It’s becoming difficult to think, with Ivy naked. All I can think about is her superior body. Her perfect face. Her incredible chest. Her toned abs, and slender waist. Her wide hips and her magnificent cock. Her shapely thighs, and even her gorgeous, pedicured feet, barely visible behind her. I tell myself that it’s only right for me to see her this way—as a sex object, as a source of pleasure—but I can’t shake the feeling that it’s the other way around. That Ivy Robinson is swallowing me up, somehow, even kneeling there on the floor, drugged out of her mind.

Why can’t I stop drooling over her feet? That was never a fetish of mine—but it is now. I get stupid and drool and rub myself to superior women’s feet.

And Ivy is so superior.

Even now. Especially now, naked. Fuck, she’s so hot. I’ll never look like her. She’s so much better than me. My hand quickens. My pleasure grows. Even kneeling, she has so much more presence. It’s clear who’s taller. Who’s greater. Suddenly it makes so much sense that I’m sitting here, masturbating, because that’s what I do, that’s my role, like when Ivy fucks my girlfriend, I’m a spectator, and she’s-

With a pathetic, agonized groan, I tear my hand away from my body.

It’s not fair.

Why does she keep beating me?

And how can I ever fix this? How can I rip my poison out of her head?

My only hope is to do to her what she did to me. To break her mind in half across my knee.

I could do it with a single sentence—that’s a nice thought, isn’t it?
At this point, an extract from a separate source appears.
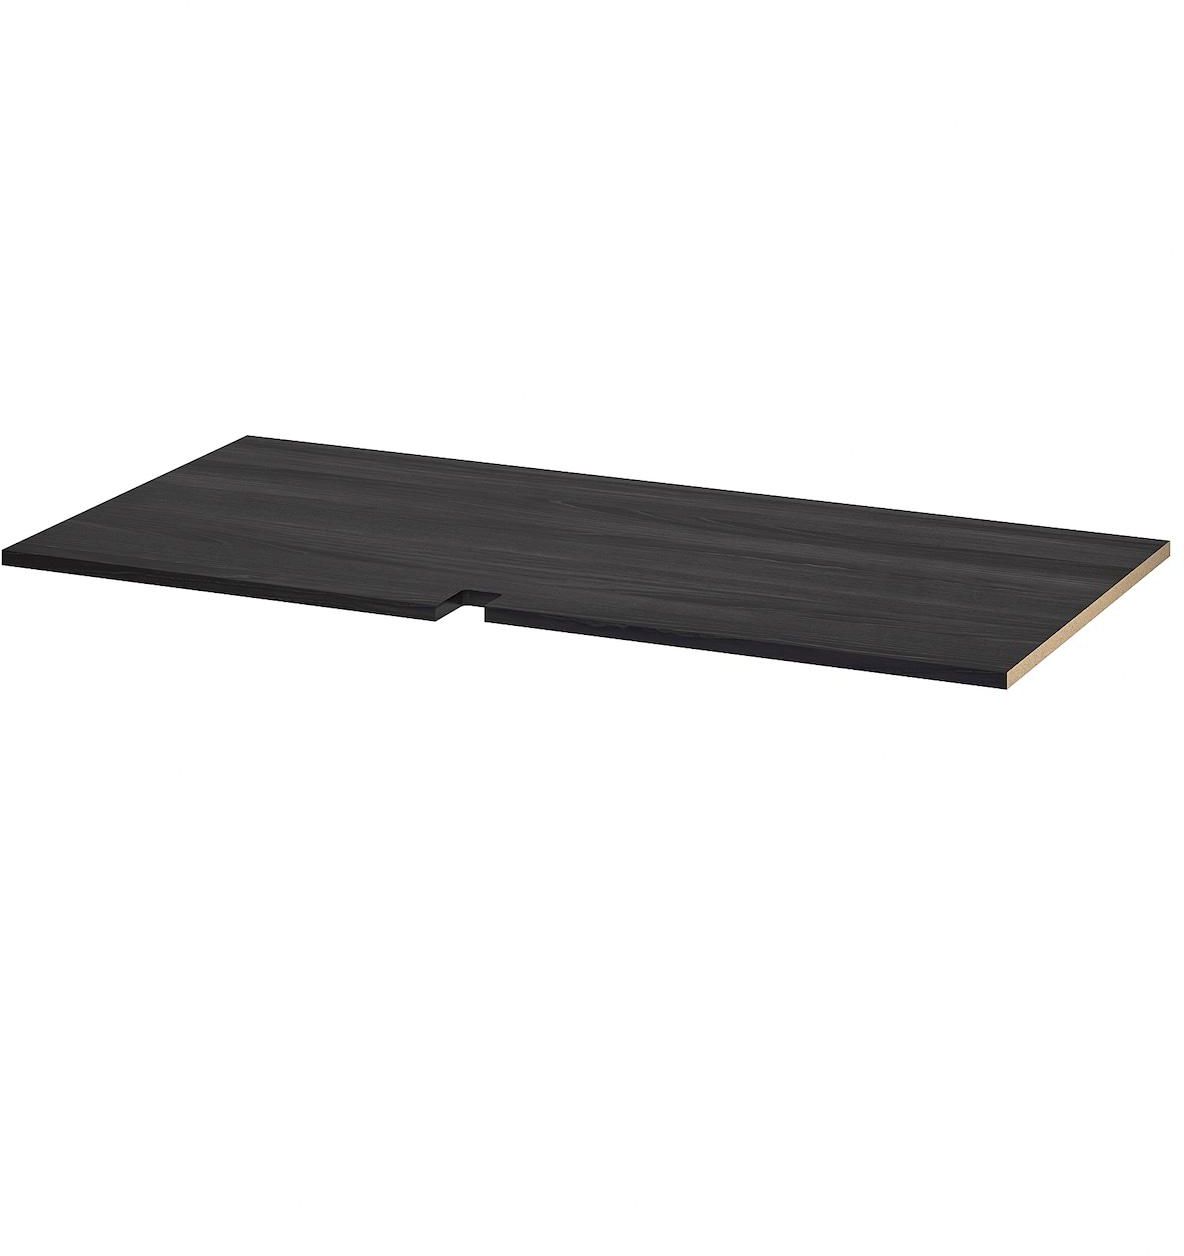 UTRUSTA Shelf for corner base cabinet - wood effect black 128 cm

A good thing to keep telling myself. It stills my fraying nerves. It makes me feel powerful. I’m the one in control here.

Only, am I?

There’s another reason it was so easy for me to lose myself in self-pleasure: because I’m procrastinating.

I still don’t know where to begin. Making Ivy kneel, making her strip—that’s merely rearranging deck chairs. A way to get a cheap thrill, in the hopes that one act of daring snowballs into another. Nothing I’ve done to Ivy will leave any lasting impressions on her psyche. And it hasn’t worked—I’m as filled with doubts as ever. About the procedural stuff, of course, the hows and wheres, but about something much deeper, too.

About…

Morality?

I know Ivy deserves what’s coming to her, but telling myself over and over again that she deserves it isn’t making this any easier. Perhaps morality isn’t exactly the right word. Inhibition? I’ve always been a little goody-two-shoes. I know that. I don’t break the rules. Not ever.

Not unless Ivy makes me.

She has infected my sense of right and wrong completely. What I know doesn’t matter. What I feel is all-important—and what I feel is that violating her this way is unforgivable. It produces the same sense of revulsion as contemplating committing a murder. The gnawing guilt, the itching fear that, at any moment, I will be somehow discovered, that my superior will catch me in the act and force me back to my knees, all the lower for having so insolently forgotten my place.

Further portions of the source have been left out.